The boy feels like he’s on a mission to help restore the Hawaiian language in the islands. Such fervor, he says, is a “family thing” — his mom also works at Nawahi. And it goes far: “I’m not interested in English.”

Hawaiian Activism Remorse

But some believe the current immersion program exists inside of a bubble.

Laiana Wong, a linguist and Hawaiian language professor at UH Manoa, was at the Oahu immersion movement’s front lines. He was an early foot soldier, marching with his wife and two young sons to then-Gov. John Waihee’s office to rally for Hawaiian immersion programs before the state piloted two such schools in 1987.

Wong enrolled his first two sons, now adults, in that program. But by the time his third son, now 11, reached school age, Wong had a change of heart.
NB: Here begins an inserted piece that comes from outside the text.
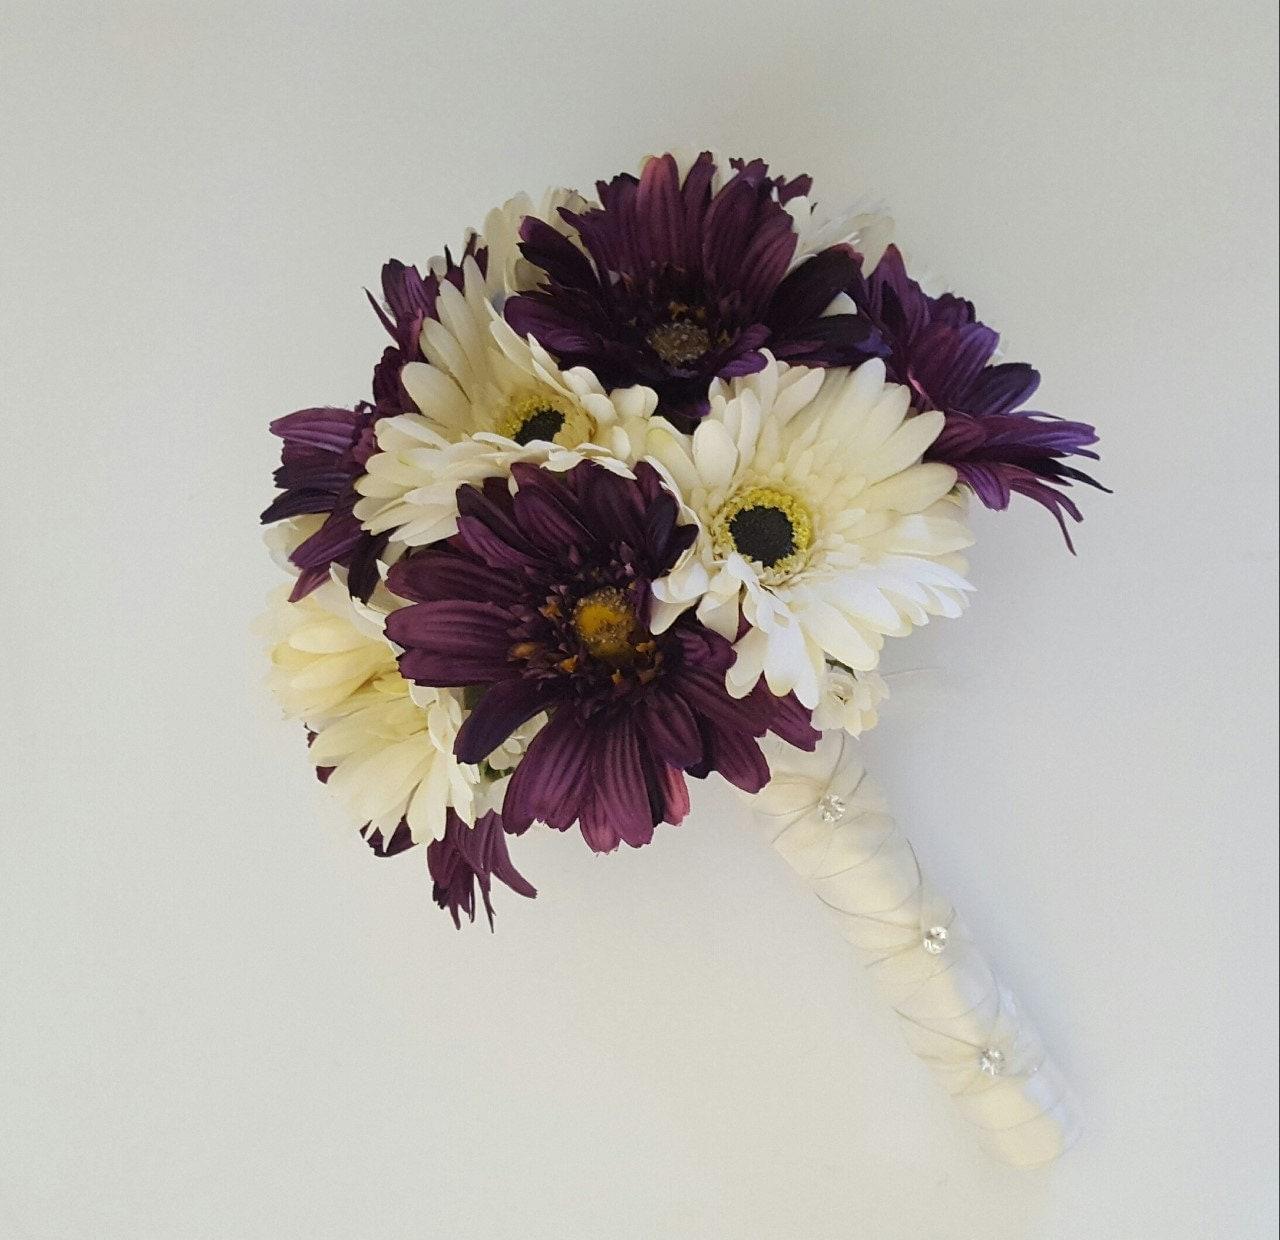 Gerbera Flower Wedding Bouquets: Eggplant Gerbera Daisy Bridal Bouquet Purple Wedding Bouquet

“Hawaiian language was in a desperate situation at the time so that (politics) was the focus,” he said.

But politics came to dominate the movement to the point where it may have “superseded” general education. Wong decided to enroll his youngest son at Kamehameha Schools after concluding that the quality of education at immersion schools — at least those on Oahu — didn’t cut it.

“I know people would be up in arms … looking at me as a sellout,” Wong said, emphasizing that he’s only speaking as a parent and professor who interacts with students who’ve graduated from immersion schools. “It was difficult because I had these illusions of my own identity being a certain thing and I had to go against that … I got disillusioned, not with the concept but with the execution.”

Wong wonders whether the movement’s vision for Hawaiian immersion has failed to take into account pressing philosophical and linguistic barriers, particularly the fundamental, often irreconcilable differences between Hawaiian and Western world views and expressions.

“We don’t want to just translate our English into Hawaiian, and let that be it,” Wong said. “We’re speaking English in Hawaiian, and if that’s the case it doesn’t matter how fluent you are. You’re not reaching your goal.”

Nonetheless, Wong doesn’t regret his involvement in the movement.

“That’s what we were forced into doing in a way,” he said, adding that Hawaiian immersion education “wasn’t being provided, so that was the only option — well, the option that we thought of at the time.”

Harman, back on the bench outside of her sixth-grade classroom, acknowledged that schools such as Nawahi may not be suitable to everyone. “A lot of people still feel like it is such a gamble and … in its experimental stages,” she said.

But, she added, “Nawahi really gives a lot of hope to a lot of people. Even if (some parents) don’t send their kids here, in the back of their minds they’re always rooting for us.”